Temperatures dropped to minus 25.8 degrees Celsius (-14.4 Fahrenheit) in the city of Samara in the Volga region overnight, data from the U.K. Met Office show. Russia’s black earth region and the lower Volga region had light and spotty snow cover, threatening winter kill in areas with little protective snow layer, Telvent DTN wrote today.
“In Russia, the extremely cold temperatures could have caused some frost damage in the regions with a lack of snow cover, such as those in the south of the country,” Paris-based farm adviser Agritel wrote in a market comment.
Wheat for March delivery advanced as much as 0.5 percent to $7.9625 a bushel on the Chicago Board of Trade, and was at $7.945 at 2:42 p.m. Paris time. Milling wheat traded on NYSE Liffe in the French capital for delivery the same month rose 0.4 percent to close at 254.50 euros ($336.47) a metric ton.
The Volga region accounts for about 26 percent of Russia’s wheat production, while the Southern District region grows about 28 percent of the country’s crop, U.S. Department of Agriculture data show.
Chicago wheat futures fell 2.7 percent last week and have slumped 8.1 percent this month, on track for the biggest monthly slide since September 2011. Wheat in Chicago has still gained 22 percent this year, the best performance on the Standard & Poor’s GSCI Index of 24 commodities this year, as drought in Russia and Ukraine reduced export supplies.
“U.S. wheat prices are extremely competitive and increasing export sales activity is likely to develop and buying interest is likely to shift to the U.S.,” wrote Duane Lowry, publisher of Early Market News in Maynard, Iowa.
Soybeans rose 0.2 percent to $14.3175 a bushel. The oilseed lost 4.2 percent last week, the first drop in five.
“It is difficult to build conviction and interest during the last trading week of the year,” Lowry said. “All markets are poised for full recovery of recent declines during the next several weeks, but speed of recovery is in question.’

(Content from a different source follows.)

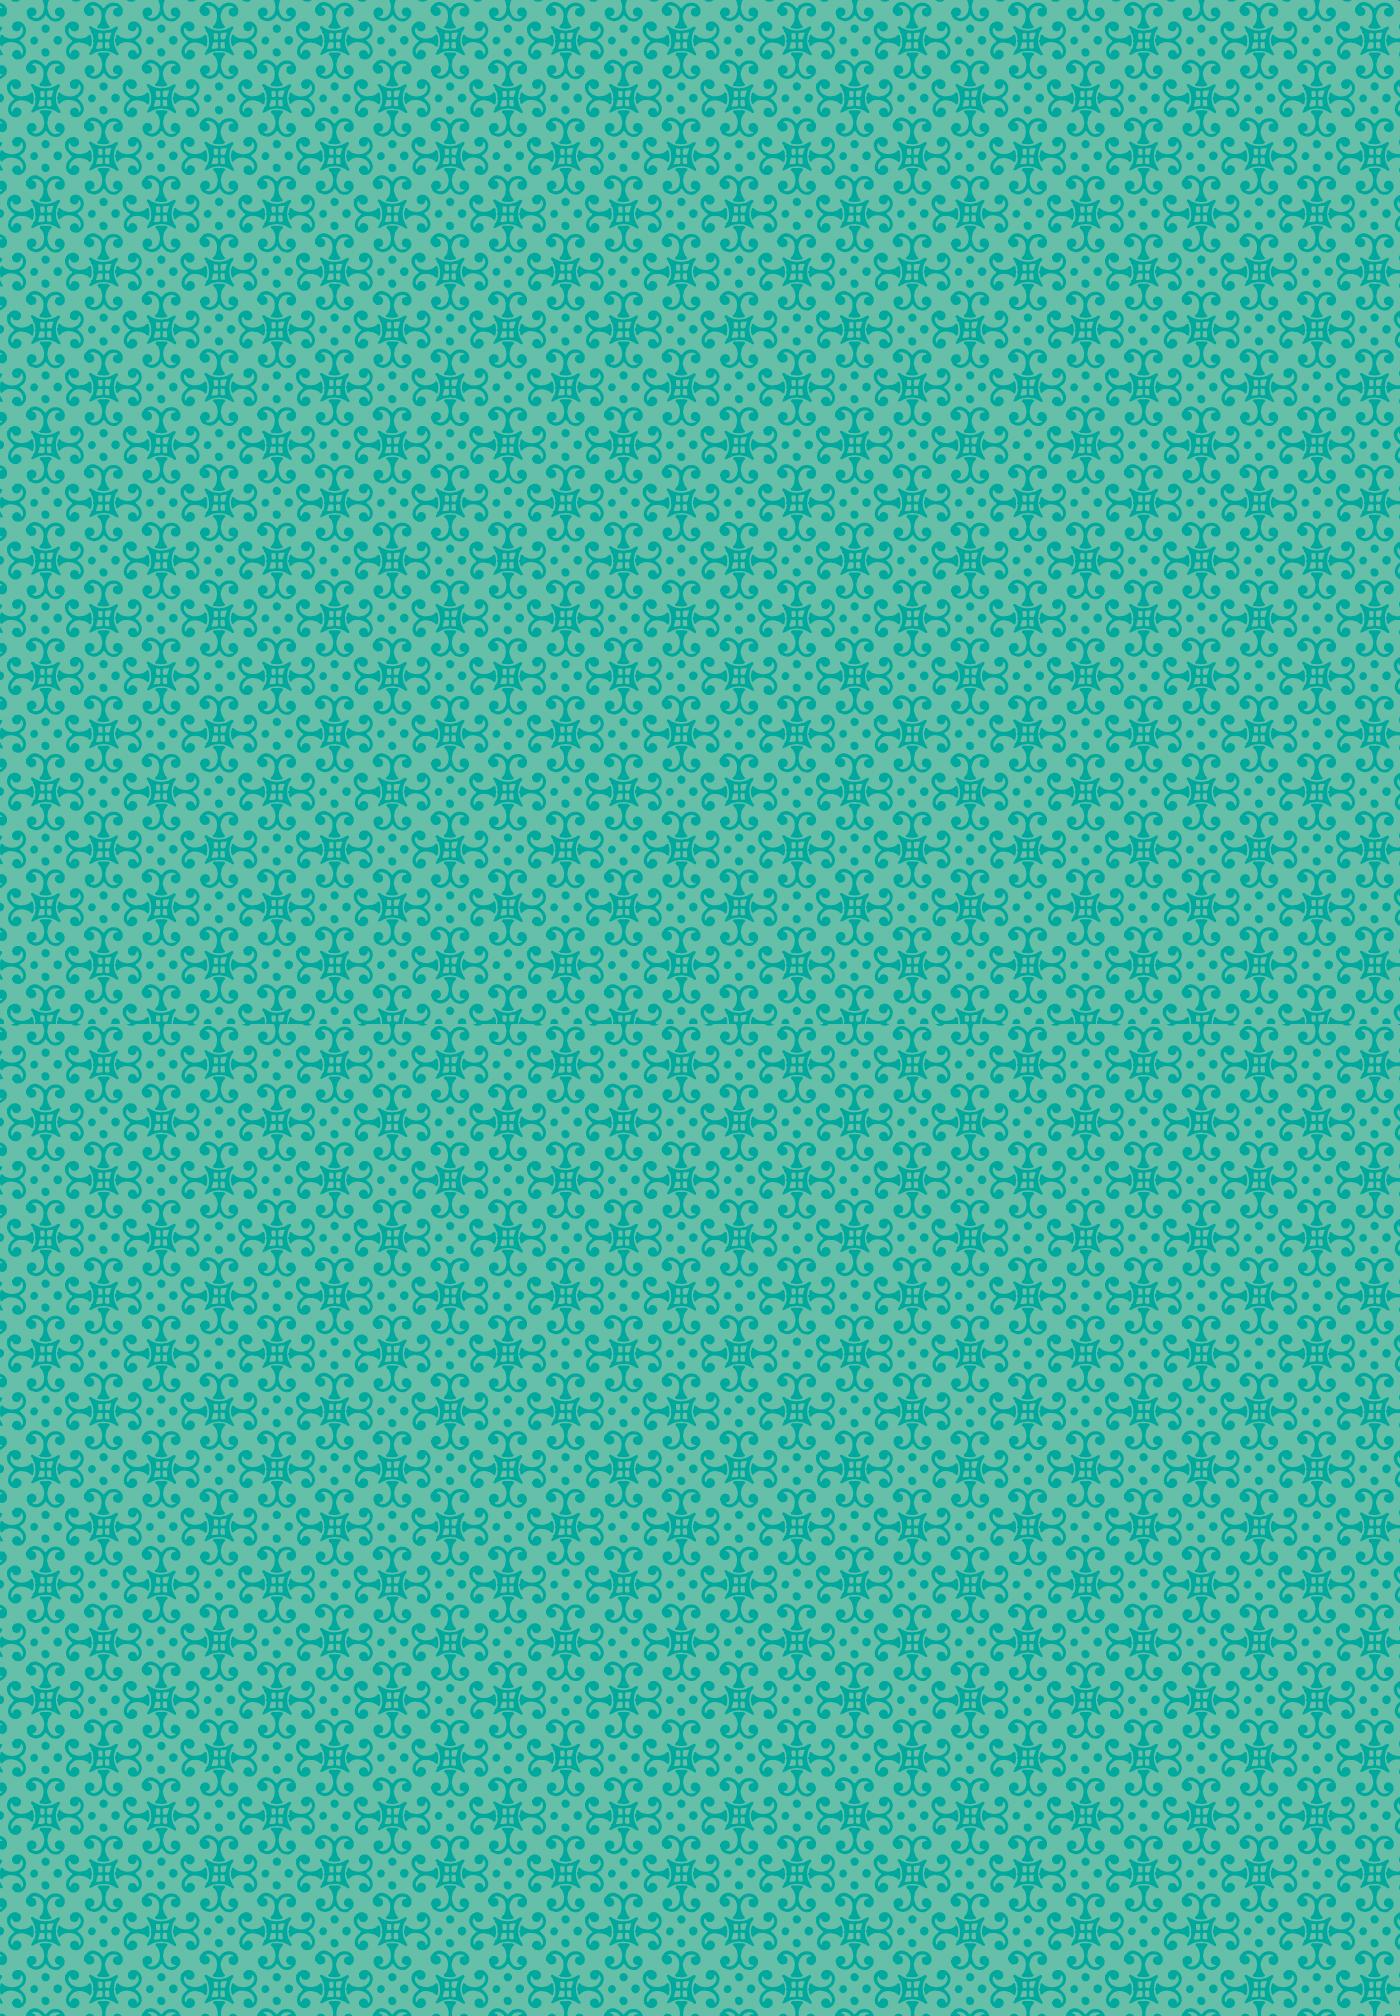 turquoise background 2 by aliwithaneye on deviantart

CBOT grain-futures trading will end at noon local time today ahead of the Christmas holiday and remain closed tomorrow. Derivatives trading on NYSE Liffe halted early today and markets will remain closed on Dec. 25 and 26 before trading resumes on Dec. 27.
Corn for March delivery increased 0.5 percent to $7.0525 a bushel, set for a 6.3 percent drop this month, which would be a fifth consecutive loss. Corn, which surged to a record in August, has advanced 9.1 percent this year.